W miejscach magazynowania i sortowania odpadów istotne jest szybkie wykrycie pożaru. Tylko wtedy jest możliwość skutecznej reakcji i w efekcie ugaszenia ognia bez szkód dla ludzi i środowiska. Najbardziej popularne systemy tryskaczy, czyli takie jak te występujące w galeriach handlowych czy w biurowcach, nie nadają się do sortowni odpadów. Tryskacz zawieszony około 3-4 metry nad posadzką ma za zadanie chronić najbliższe otoczenie i zapobiec rozprzestrzenianiu się pożaru. Jednak w biurach czy galeriach ciepło dochodzi do niego znacznie szybciej i w efekcie pożar zostaje ugaszony. W przypadku hal magazynowych ze względu na znacznie większą wysokość, konieczne jest stosowanie tryskaczy o innych parametrach. Takich, które służą bezpośrednio do gaszenia – mówi Michał Brzeziński. – Inne rozwiązania potrzebne są w nadawach sortowni. Tam surowiec jest zrzucany w jedno miejsce. Gdy już powstanie zarzewie pożaru (a jest ono najczęściej ukryte bardzo głęboko) już wtedy powinna być jakaś reakcja. Do tego służą czujki dymowe. Niestety specyfika takich miejsc (pył, kurz) czasami inicjuje fałszywe alarmy, a to z kolei powoduje przyzwyczajenie pracowników do tej sytuacji i znieczulicę na kolejny – może tym razem prawdziwy – alarm.

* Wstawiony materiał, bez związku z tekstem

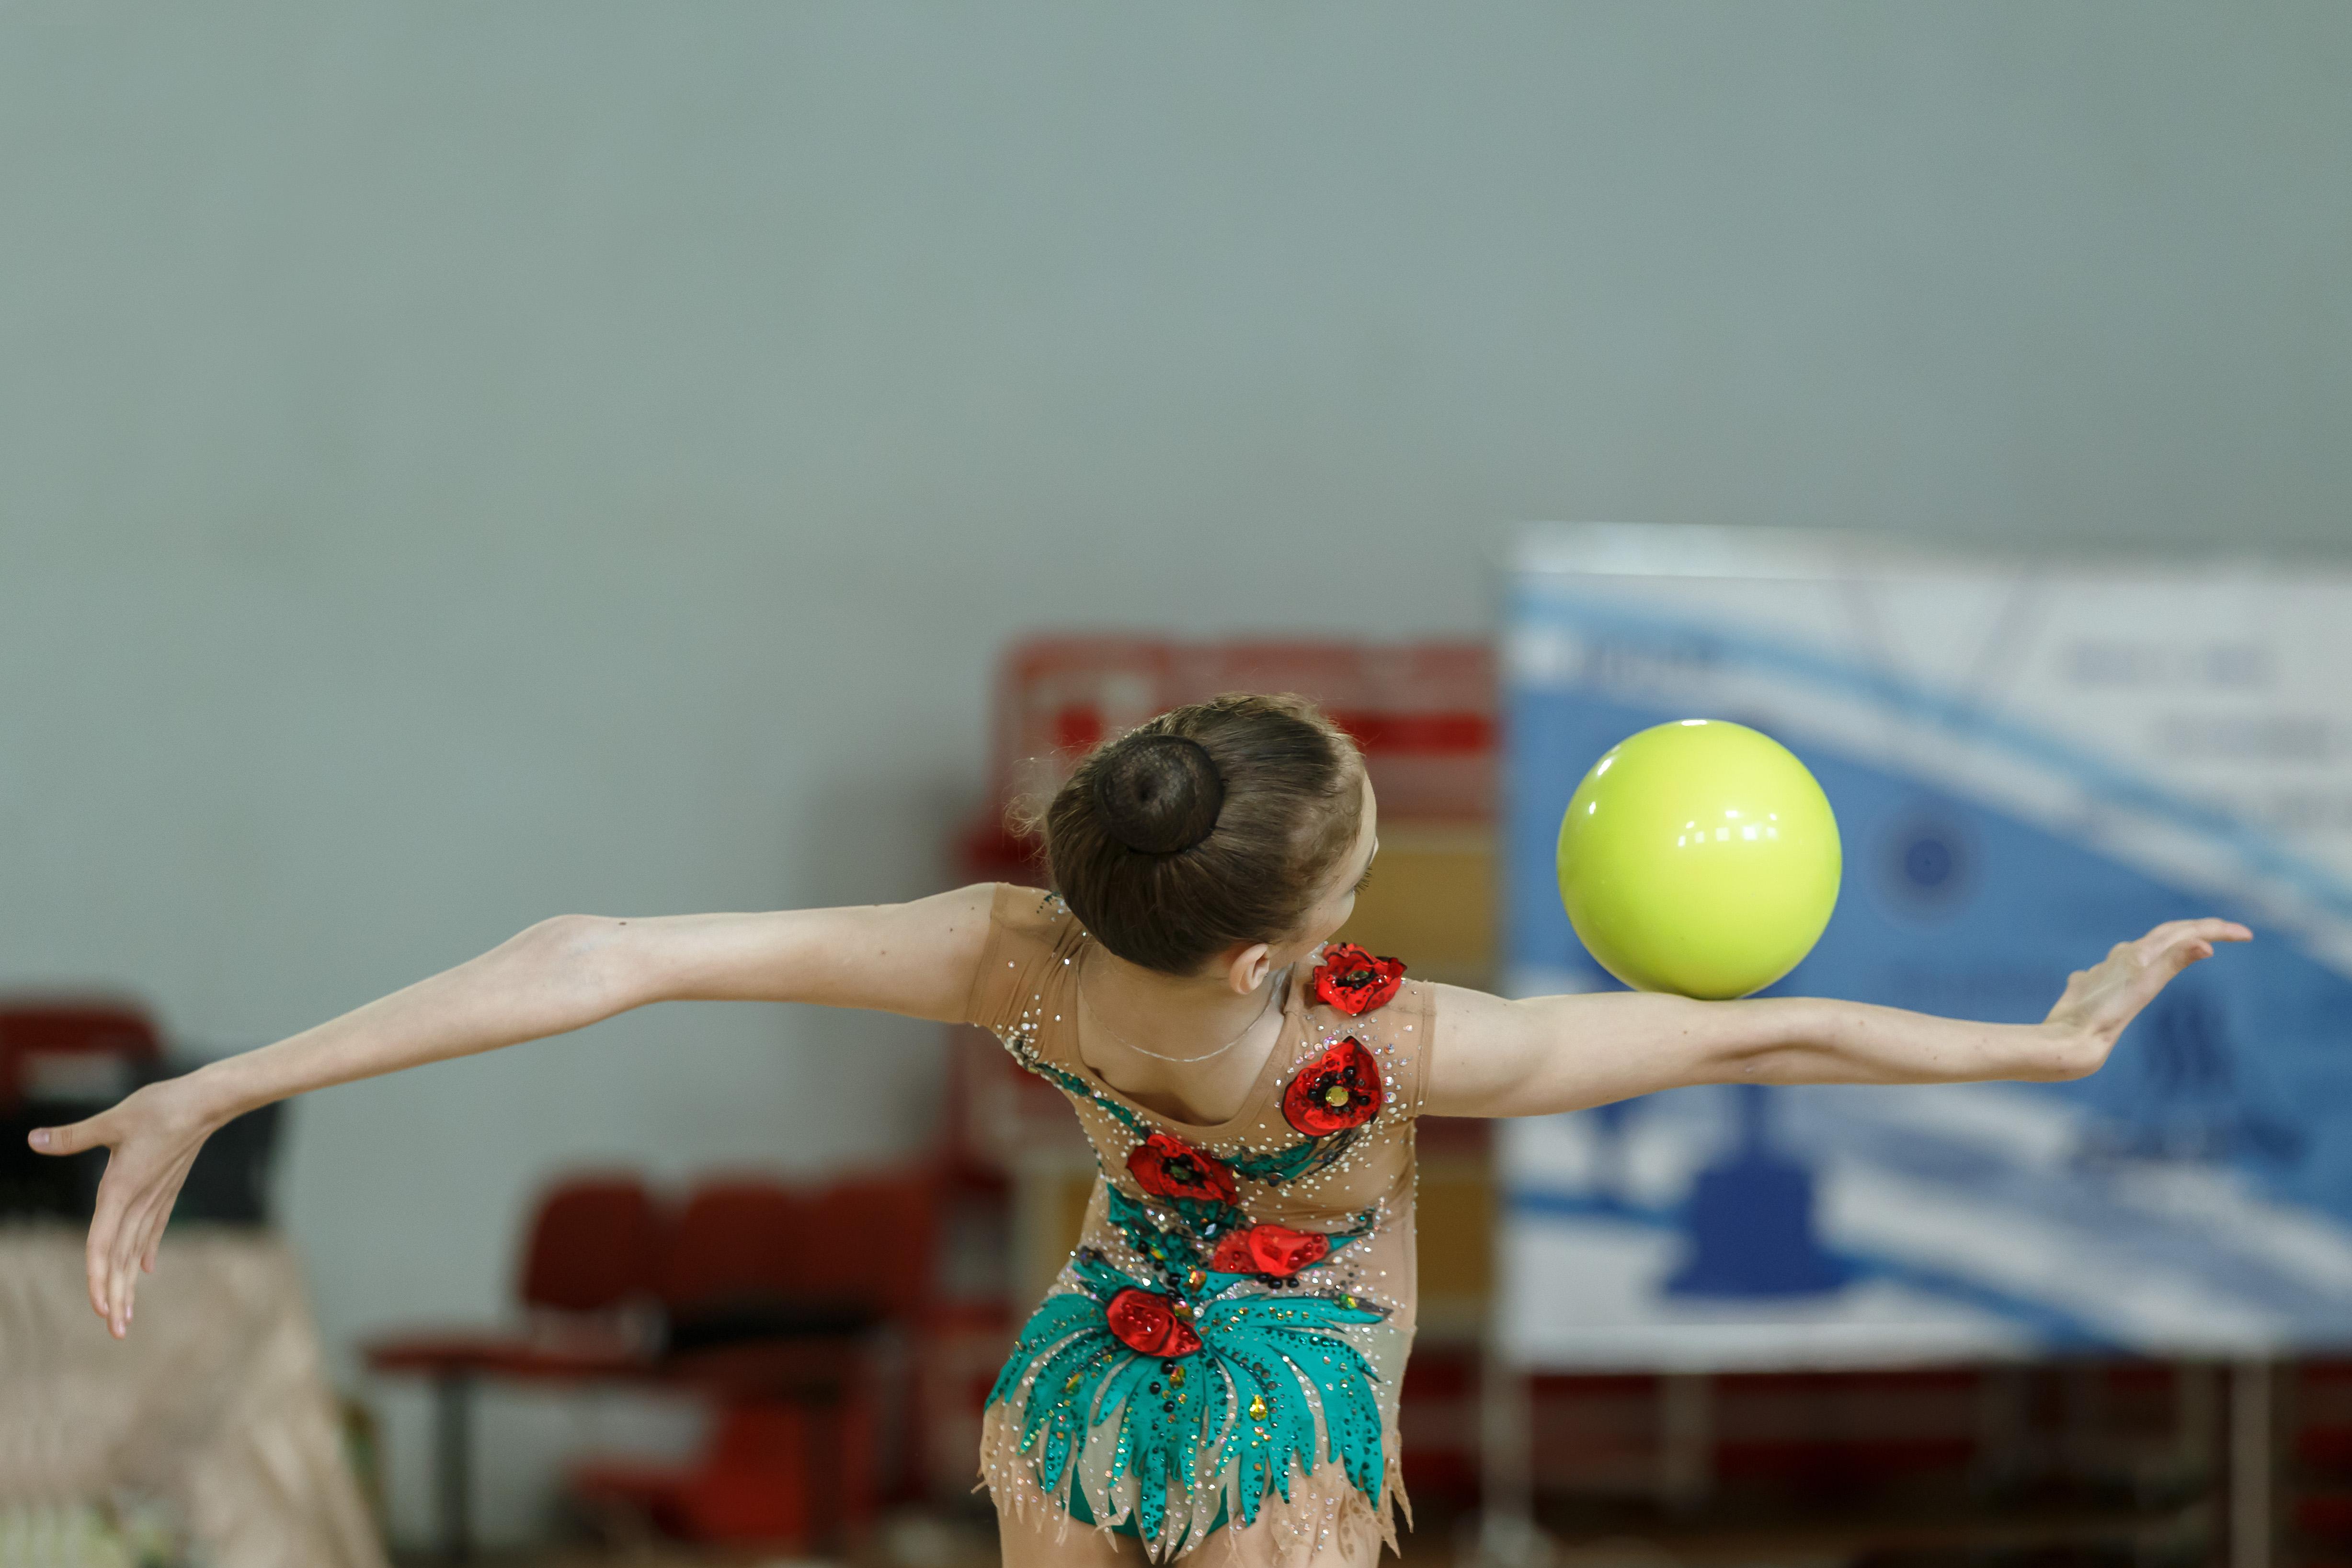 Всероссийский олимпийский день, посвященный XXIII Олимпийским зимним играм

Najlepszym sposobem gaszenia jest instalacja wodno-pianowa. Dzięki dodaniu do wody koncentratu pianotwórczego, zmienia się napięcie powierzchniowe wody, przez co substancja gaśnicza nie ma struktury kroplistej a rozlewiskową. Daje to większe możliwości penetracji odpadów i pozwala dostać się w najgłębsze zakamarki. Dobrym sposobem detekcji jest też termowizja. Wskazuje ona podwyższoną temperaturę jeszcze bez widocznego płomienia. Daje to też większą swobodę w powiadamianiu pracowników o zagrożeniu.

W miejscach składowania odpadów nie sprawdzają się natomiast gaśnice proszkowe z ampułką. Są kompletnie nieprzystosowane do tych miejsc, bo wiszą tuż nad hałdą odpadów. Nie dość, że operator koparki może zahaczyć o gaśnicę i może ona spaść, to w przypadku pożaru wyładowanie gaśnicy proszkowej nad pożarem kompletnie nic nie da.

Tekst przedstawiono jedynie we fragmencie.